By a quirk of circumstance, Prime Minister Dr Mahathir Mohamad was sitting beside Annuar Musa in the group photograph of important personages at yesterday's Malay Dignity Congress (MDC).
The juxtaposition of the Harapan supremo with the Umno secretary-general ought to have been interesting to those of long memory.
Not just those of historical recall but also with a feel for the intriguing ways in which history repeats itself - the first time, Karl Marx observed, as tragedy and, in its re-enactment, as farce.

At the Umno general assembly in late 1983, it was Annuar, in his role as a Youth wing delegate from Kelantan, who sounded the warning about the-then Umno president, Mahathir's, thrust for overweening power within the party.

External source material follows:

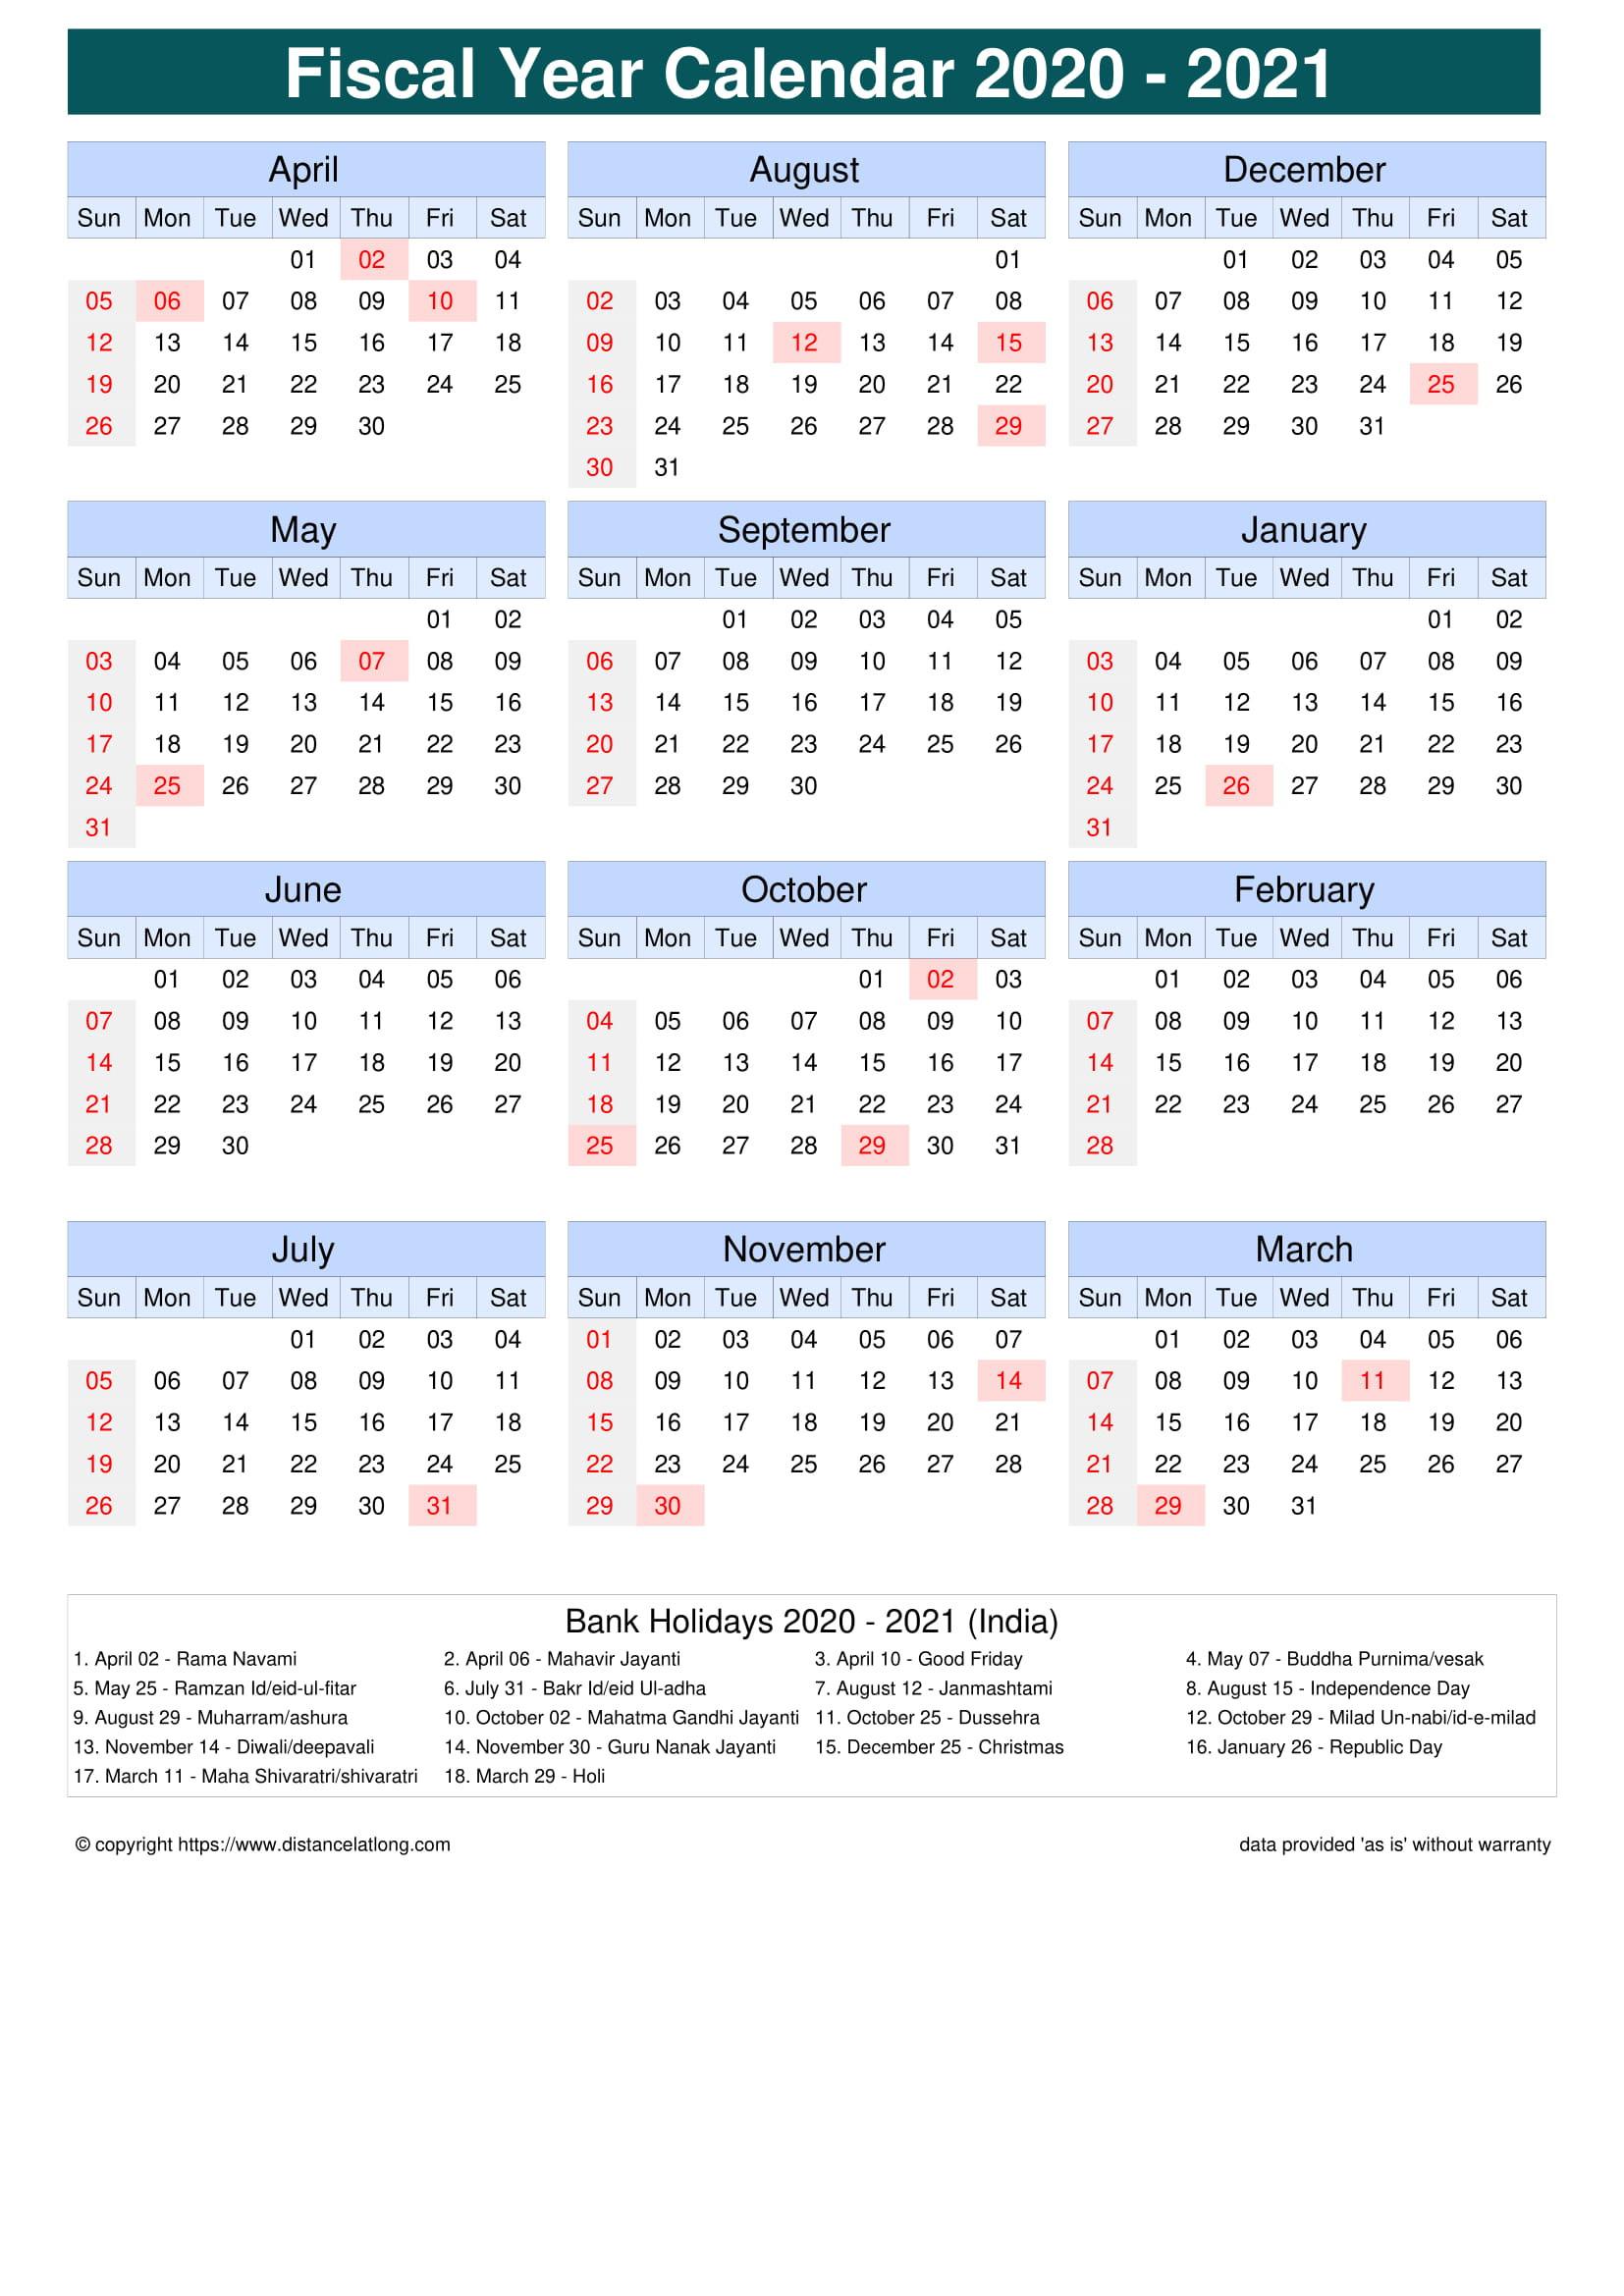 Holiday Calendar 2021 India | Printable Calendars 2021-2021 Calendard For Vacation Schedule

This was in the days – Mahathir was in the third year of his presidency – when the annual convention of the country's biggest political party was not what it would become towards the tail-end of the Mahathir era: An assemblage of drones propounding from pre-prepared, subservient scripts.
The party allowed scope for dissent and Annuar had the oratorical skills to give flight to his.
At a time when eloquence was still valued, the young Kelantanese framed his warning about Mahathir's imperial overreach with a quotation from the assassination scene in Shakespeare's play, Julius Caesar, when Brutus resorts to his famous justification for complicity in regicide.
Shakespeare has the tribune-friend of Caesar's say in response to a surprised Caesar's “Et tu, Brutus” (You too, Brutus): “It's not that I love Caesar less but I love Rome more.”
That line is chiselled in stone because of its powerful evocation of the tug of conflicting imperatives politicians feel when faced with grave either/or choices confronting a polity.
No doubt, Mahathir would think, in justifying his presence at yesterday's MDC, that it's not that he loves Harapan less; it is that he loves the Malaysian nation more.
A Malaysian nation in which the majority race, Malays, don't feel left out.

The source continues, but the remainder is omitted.